Without admitting any wrongdoing, HP has agreed to pay the state $13.5 million to create a Privacy and Piracy Fund for the California attorney general's office, which will be tapped to help prosecute violations of the public's "privacy and intellectual property rights." The mandate is a response to HP's alleged use of espionage tactics like "pretexting" to get access to journalists' and board members' private records.

HP also must pay $650,000 in civil penalties and $350,000 for the attorney general's investigative costs. And the firm has to take a number of corrective steps to boost its business ethics, including the appointment of a board-level watchdog.
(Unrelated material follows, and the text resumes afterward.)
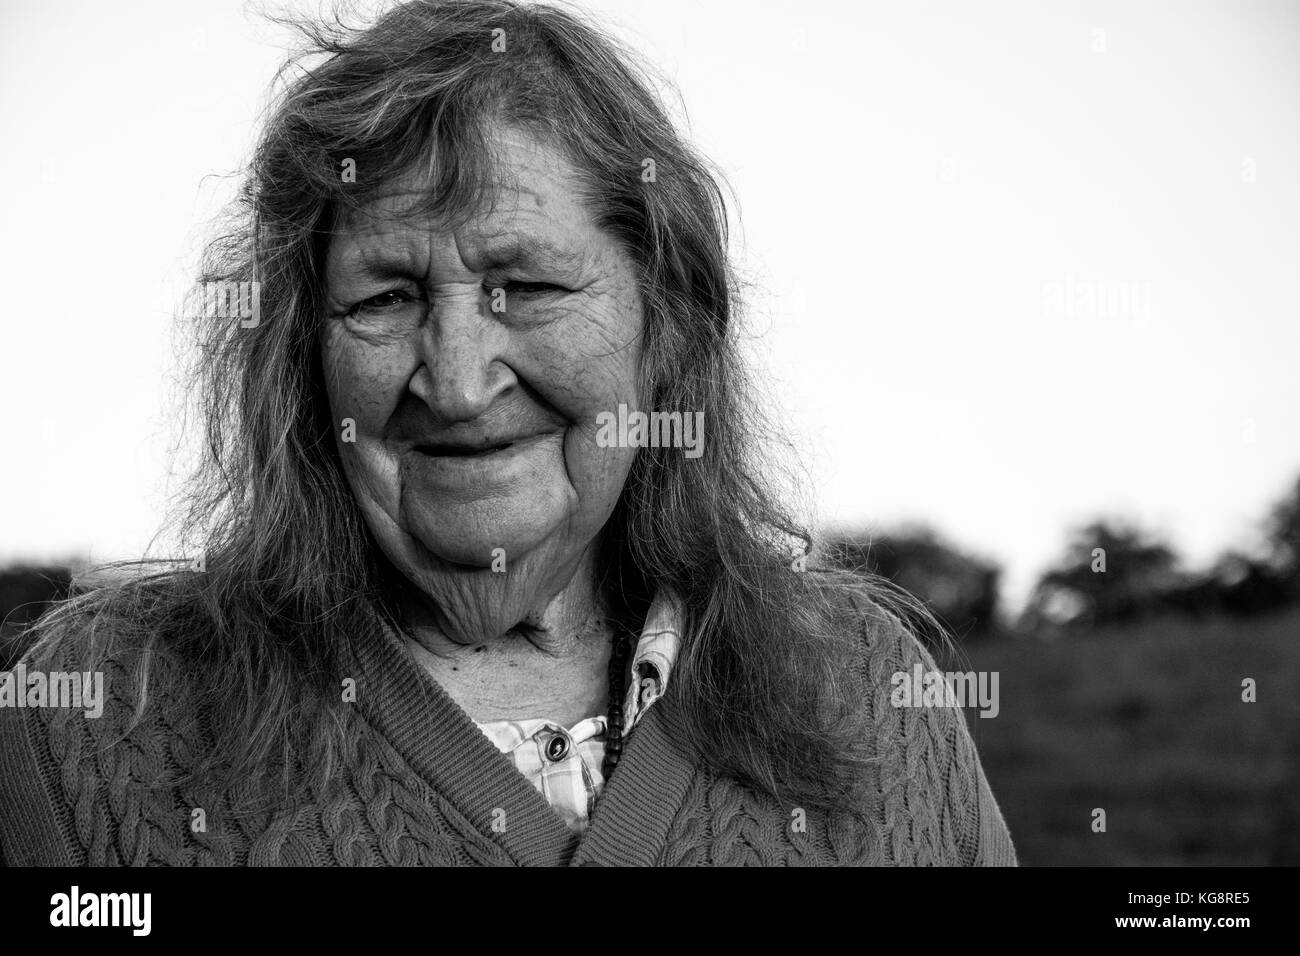 Un portrait sincère d'une personne âgée (vieille) femme sans son dentier. Pris à l'extérieur du pays. Much Wenlock, Shropshire, Angleterre Banque D'Images
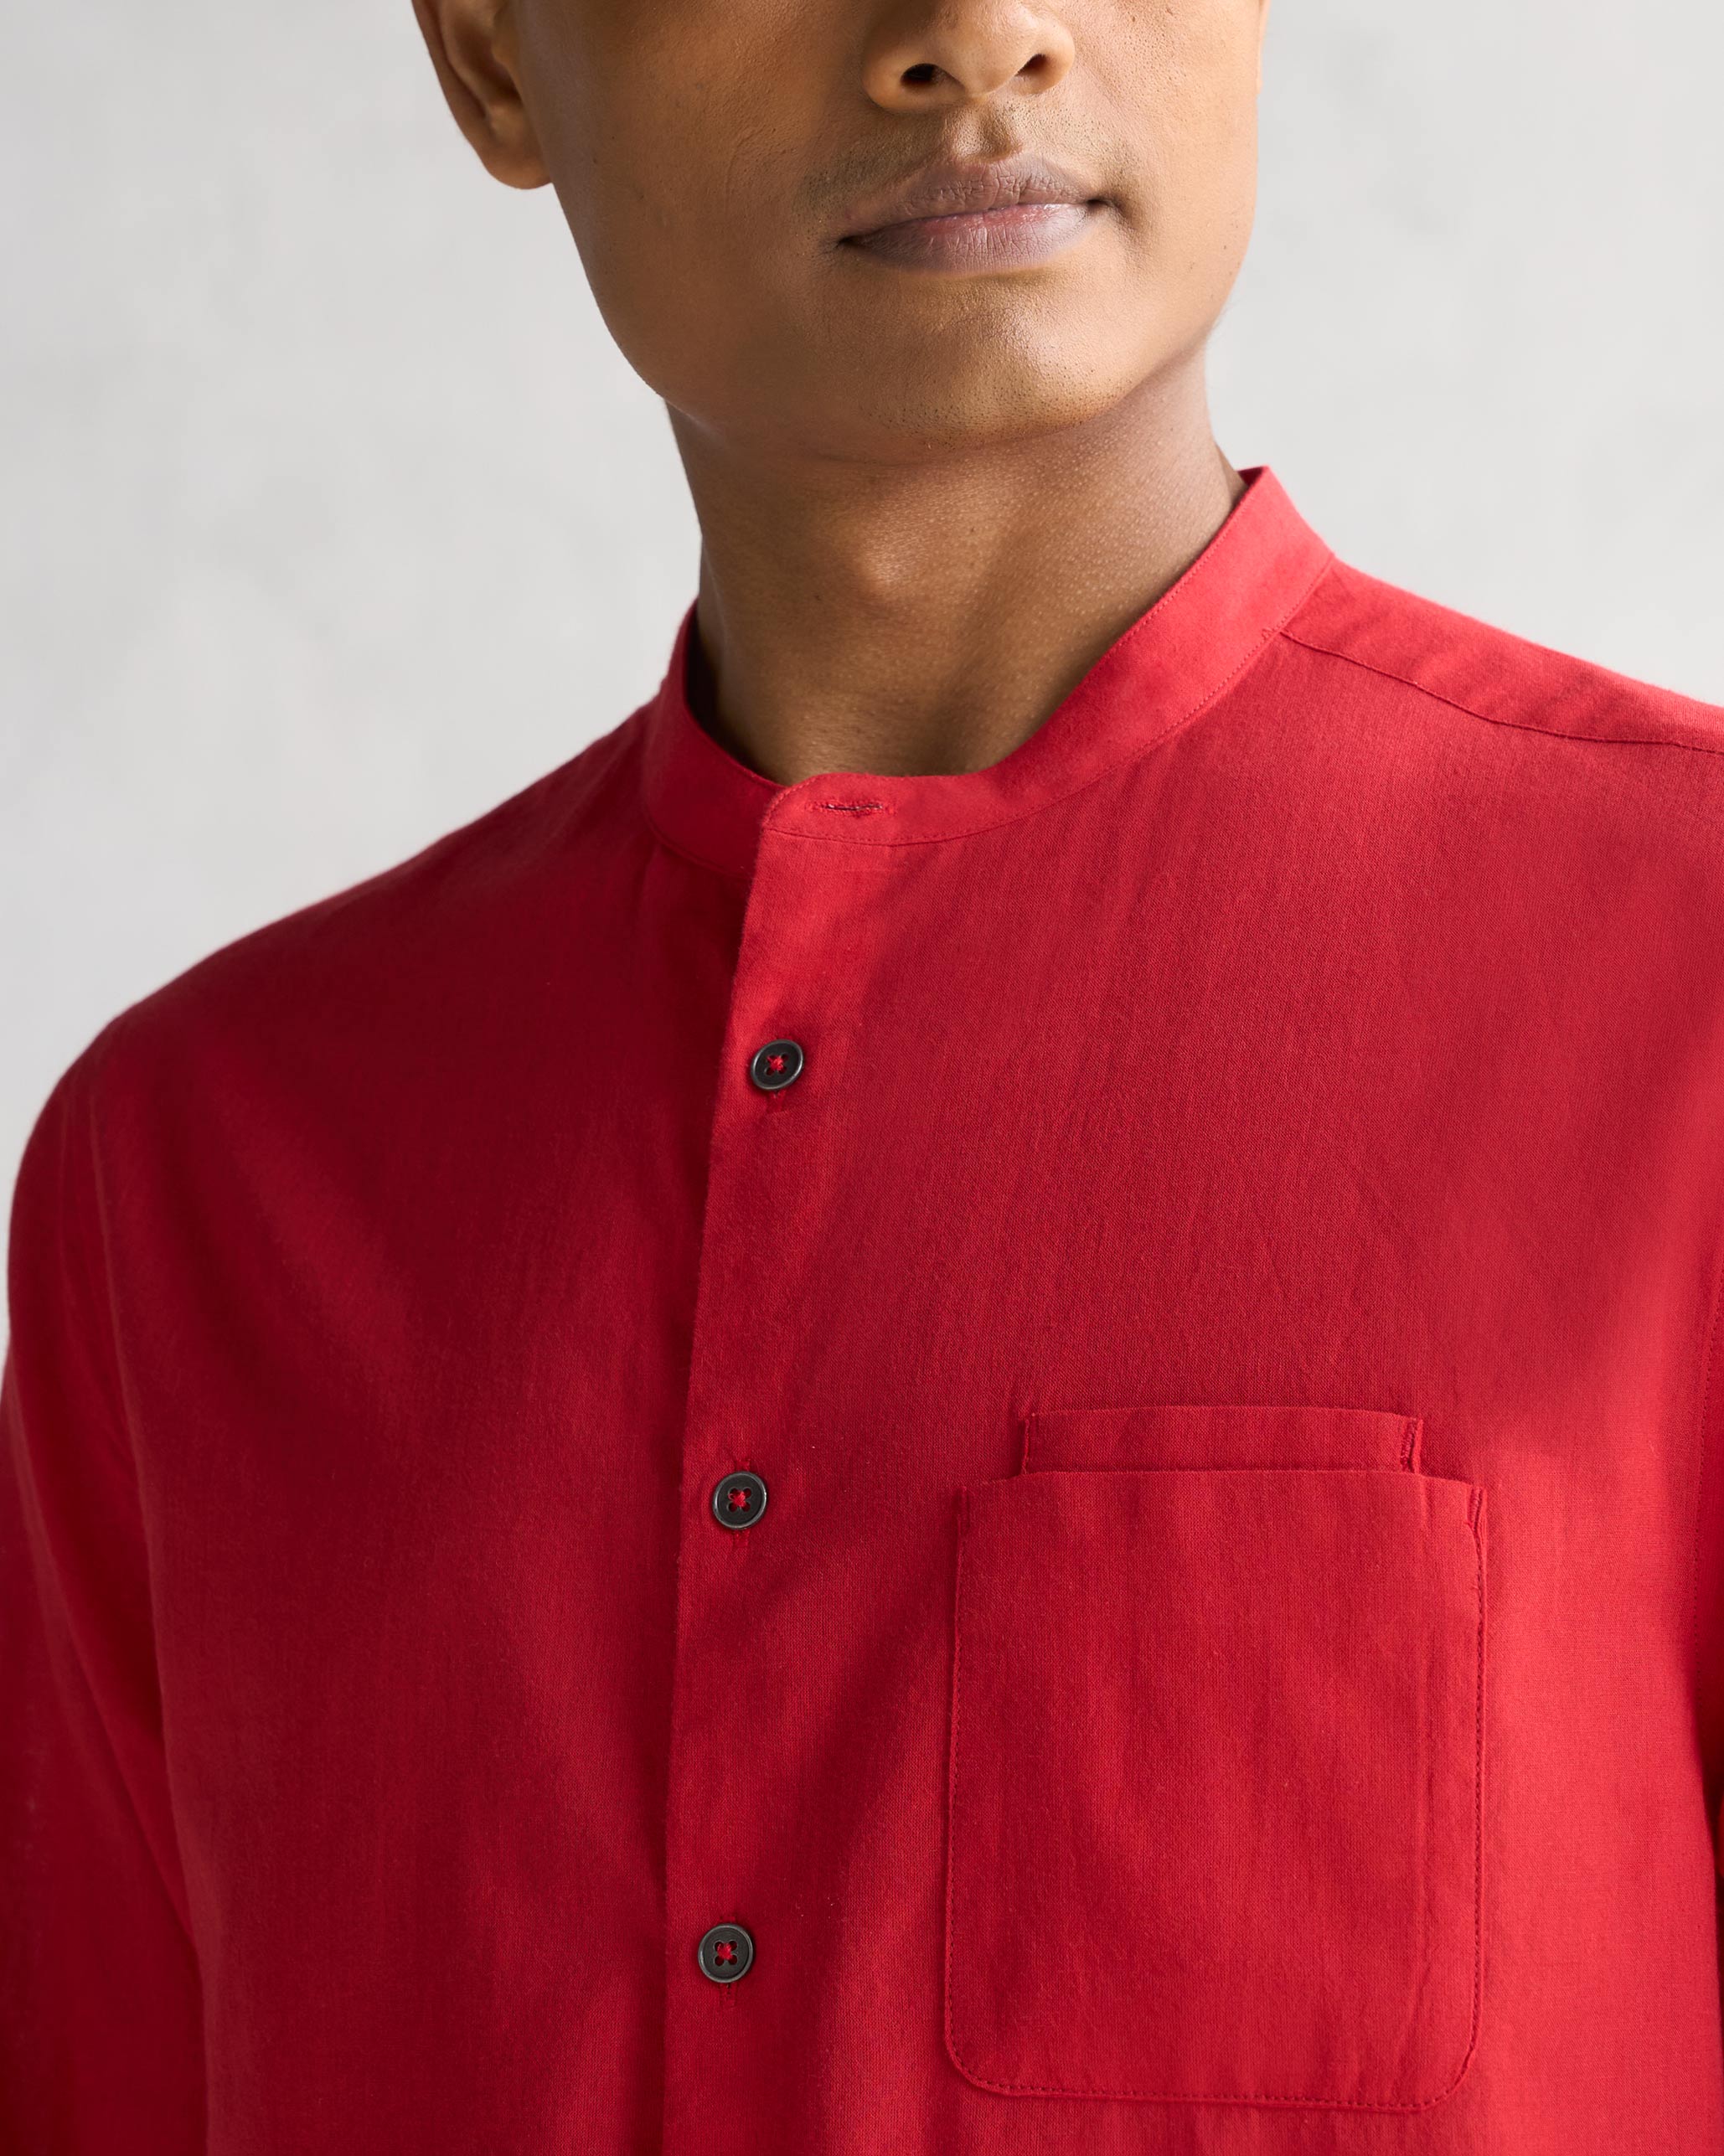 The Comoros Shirt - Red

The ruling won't affect criminal charges brought against individuals, including former board chair Patricia Dunn.

So, HP as a company moves on. The scandal hasn't affected buyers of its storage wares. Investors have proven indifferent to it. Nonetheless, the taint of wrongdoing will likely resonate in the thoughts of many industry observers.Who can help but wonder how one of America's most respected technology companies got itself into this mess? Who can ignore how seasoned professionals opened themselves to incredible risk in order to satisfy paranoia worthy of the old KGB? What day-to-day activities, oversights, and misspent planning contributed to making this alleged breach acceptable, even when common sense suggested horrible consequences?

HP's disgrace is a reminder that power and success are no guard against self-delusion. If HP execs, given their position in the world's technology market, could stray so far from the high road, surely no one is immune.

This case should remind anyone in business that it's always possible to be blind-sided by misguided intentions, even if one's motives are sound.